:: GIVEN INFORMATION ::
◇ ◇ ◇ ◇ ◇ ◇ ◇
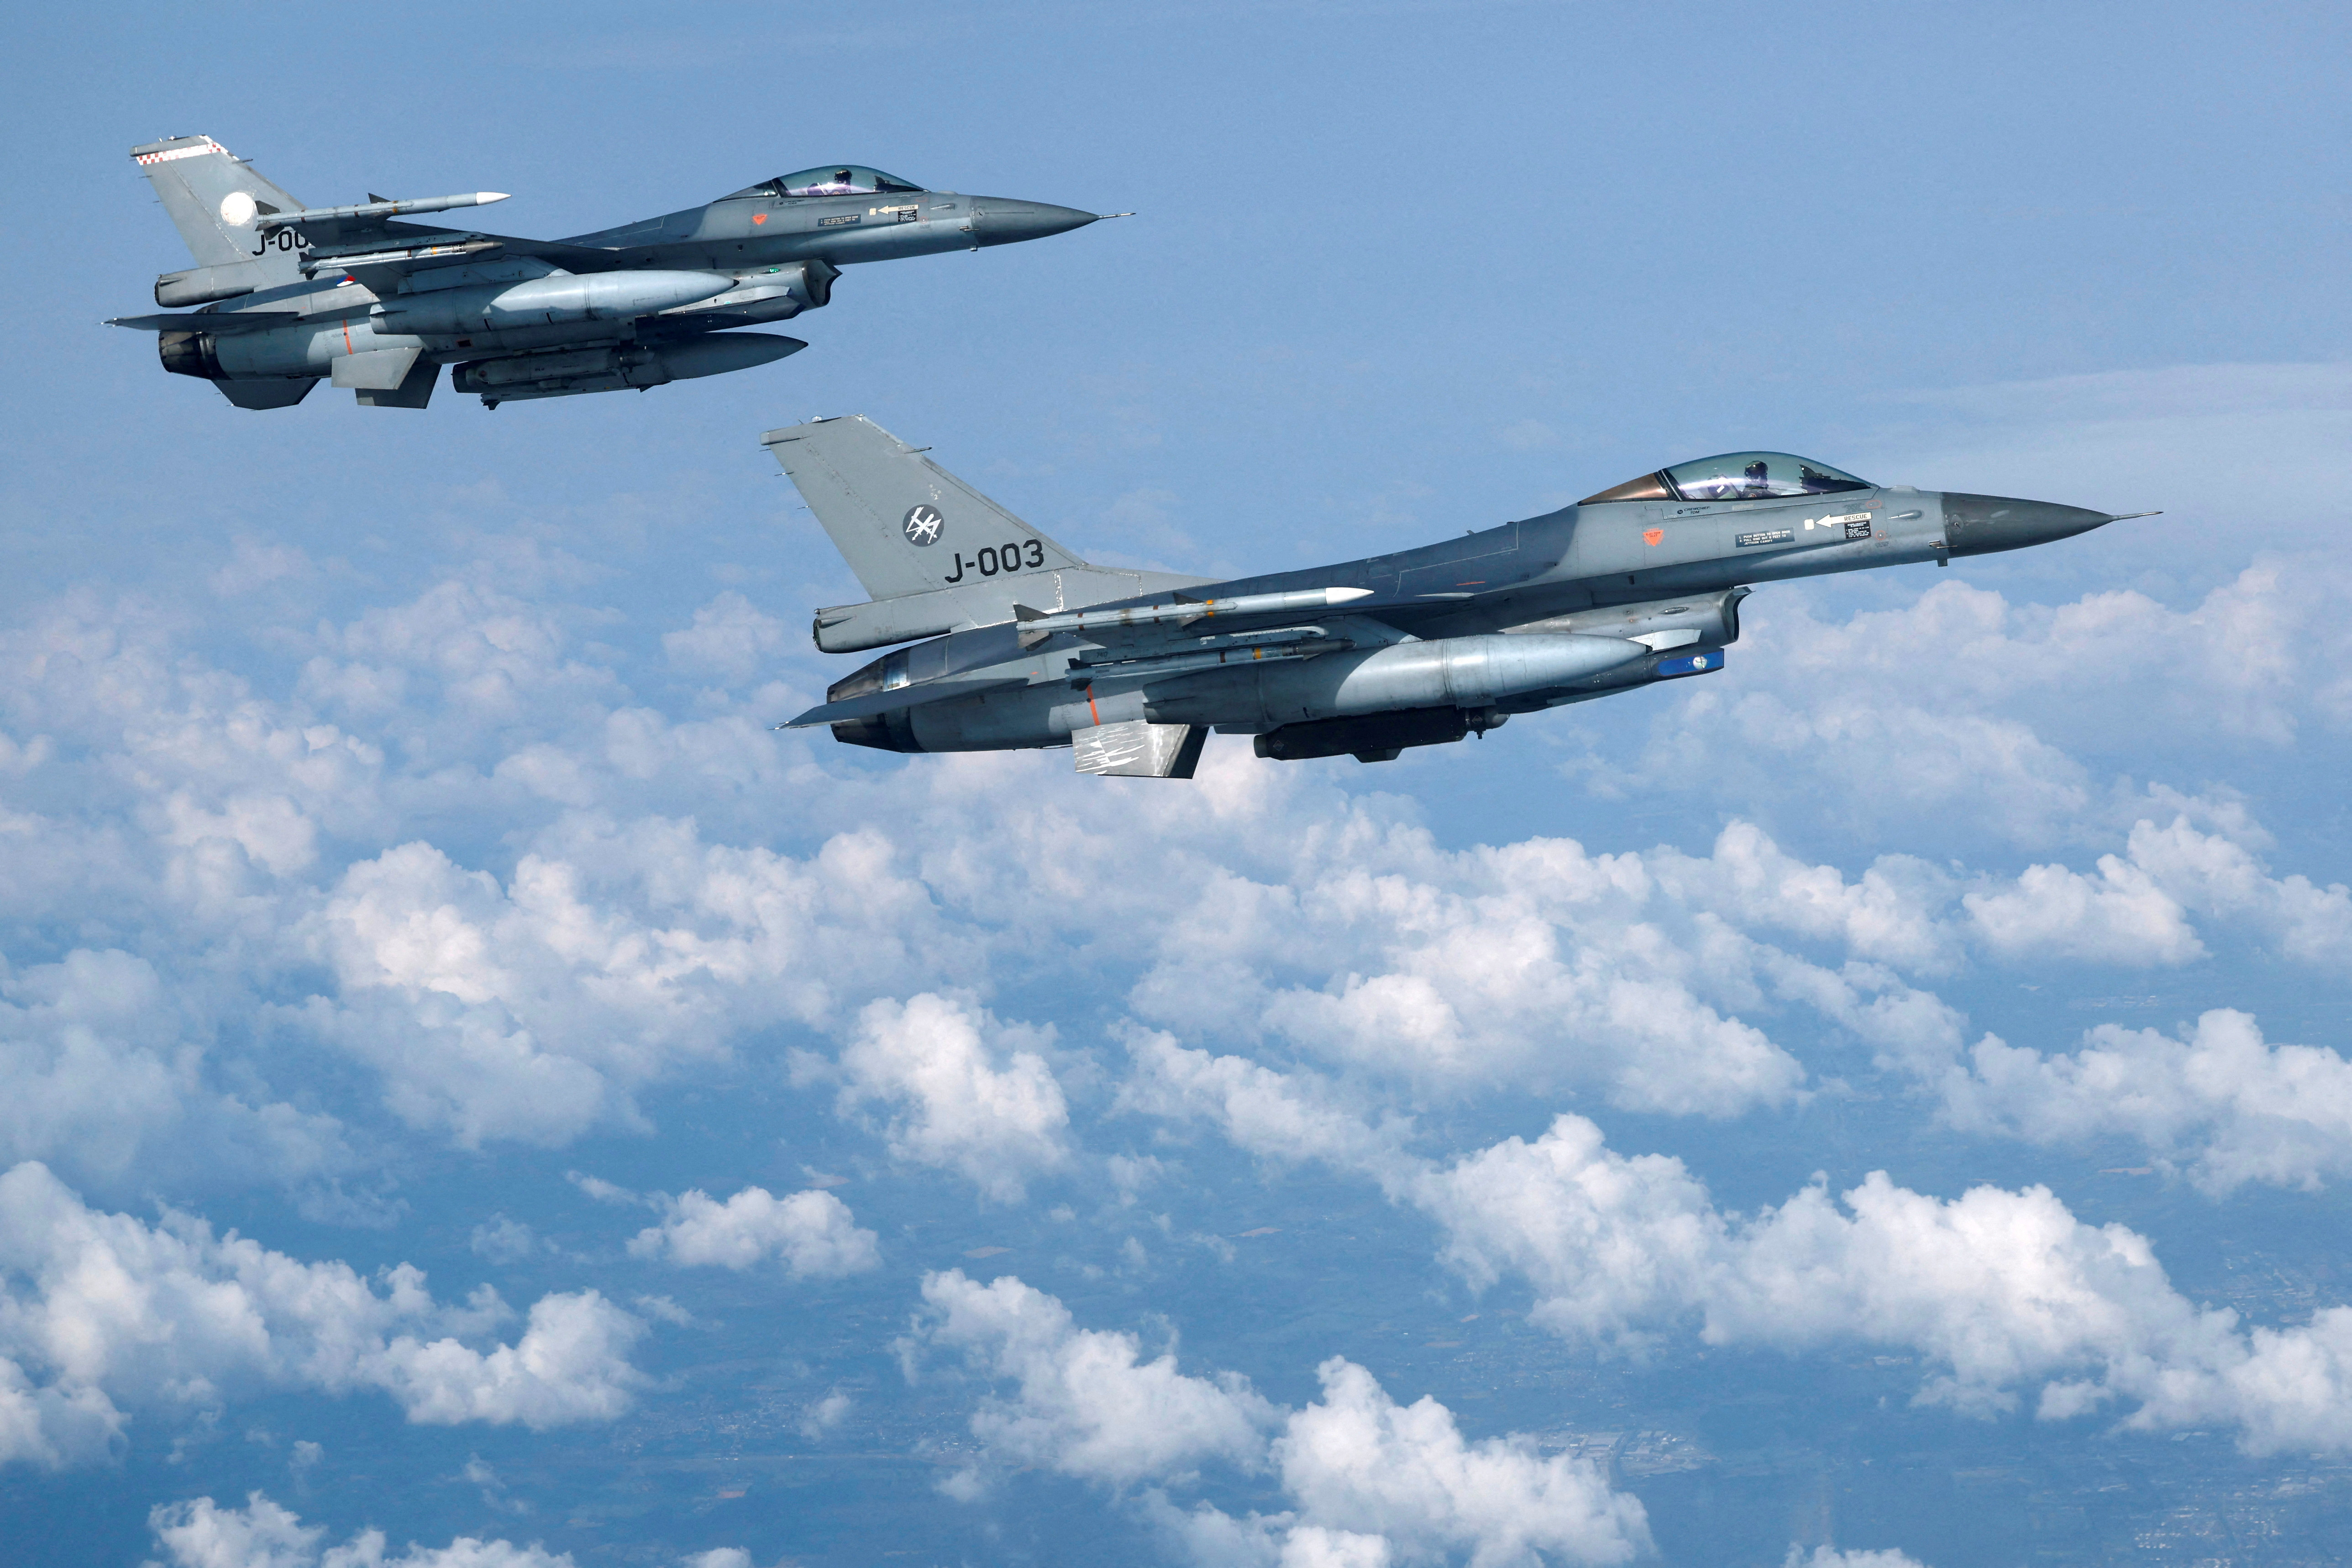 Netherlands' Air Force F-16 fighter jets fly during a media day
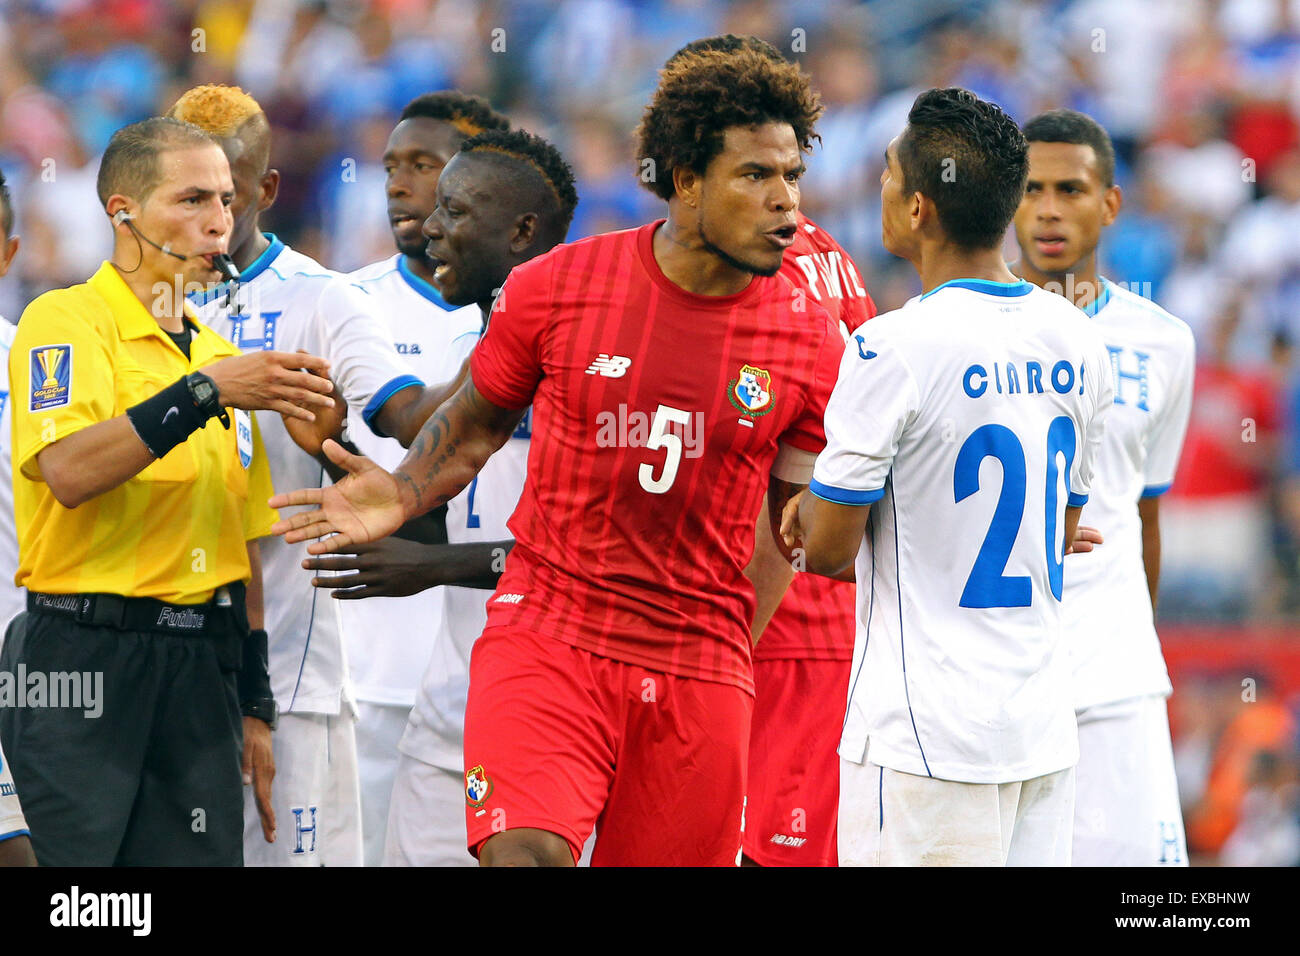 Foxborough, MA, USA. 10th July, 2015. Panama defender Roman Torres (5) exchanges words with Honduras midfielder Jorge Claros (20) during the second half of the CONCACAF Gold Cup match between Panama and Honduras at Gillette Stadium. The match ended in a 1-1 tie. Anthony Nesmith/Cal Sport Media Credit:  Cal Sport Media/Alamy Live News Stock Photo
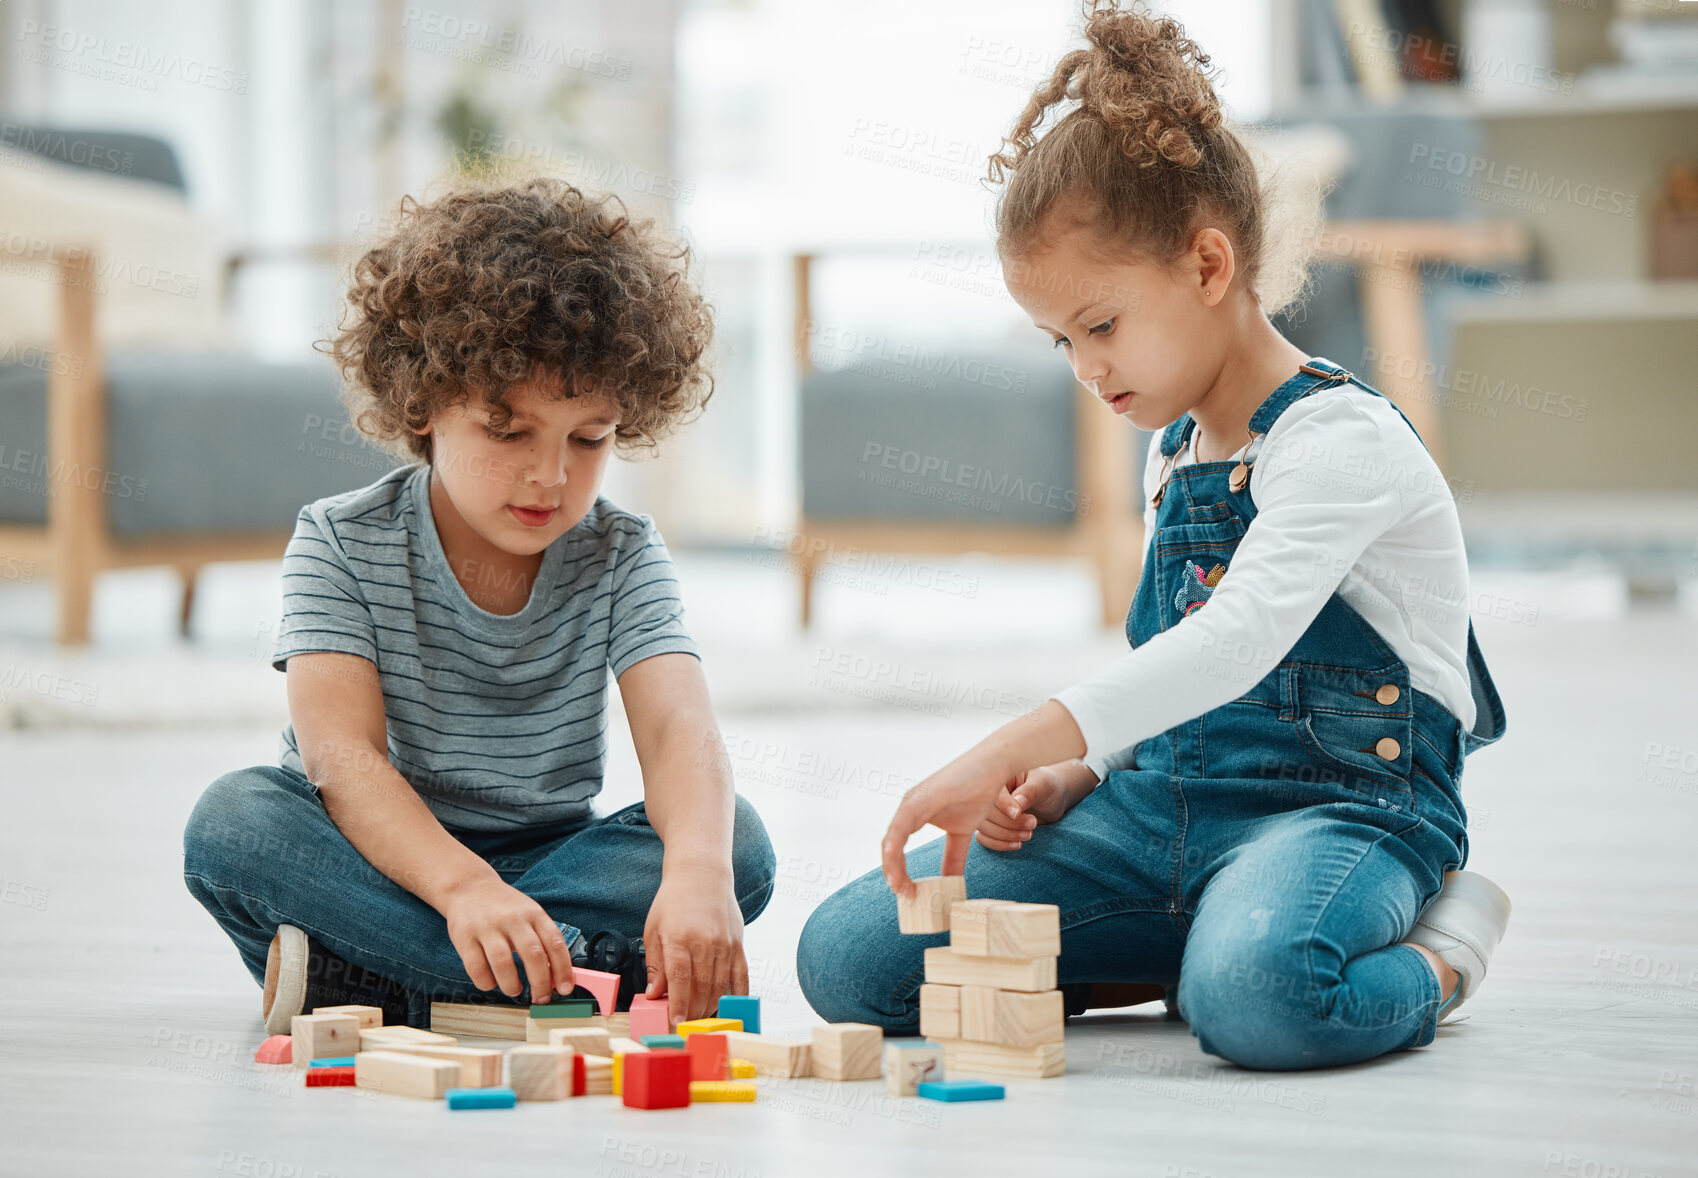 Buy stock photo Shot of two siblings playing with building blocks
◇ ◇ ◇ ◇ ◇ ◇ ◇
:: PROBLEM TO WORK ON ::
Retype all the material word for word while skipping any picture it contains.

:: SOLUTION TO THIS PROBLEM ::
 Netherlands' Air Force F-16 fighter jets fly during a media day
 Foxborough, MA, USA. 10th July, 2015. Panama defender Roman Torres (5) exchanges words with Honduras midfielder Jorge Claros (20) during the second half of the CONCACAF Gold Cup match between Panama and Honduras at Gillette Stadium. The match ended in a 1-1 tie. Anthony Nesmith/Cal Sport Media Credit:  Cal Sport Media/Alamy Live News Stock Photo
 Buy stock photo Shot of two siblings playing with building blocks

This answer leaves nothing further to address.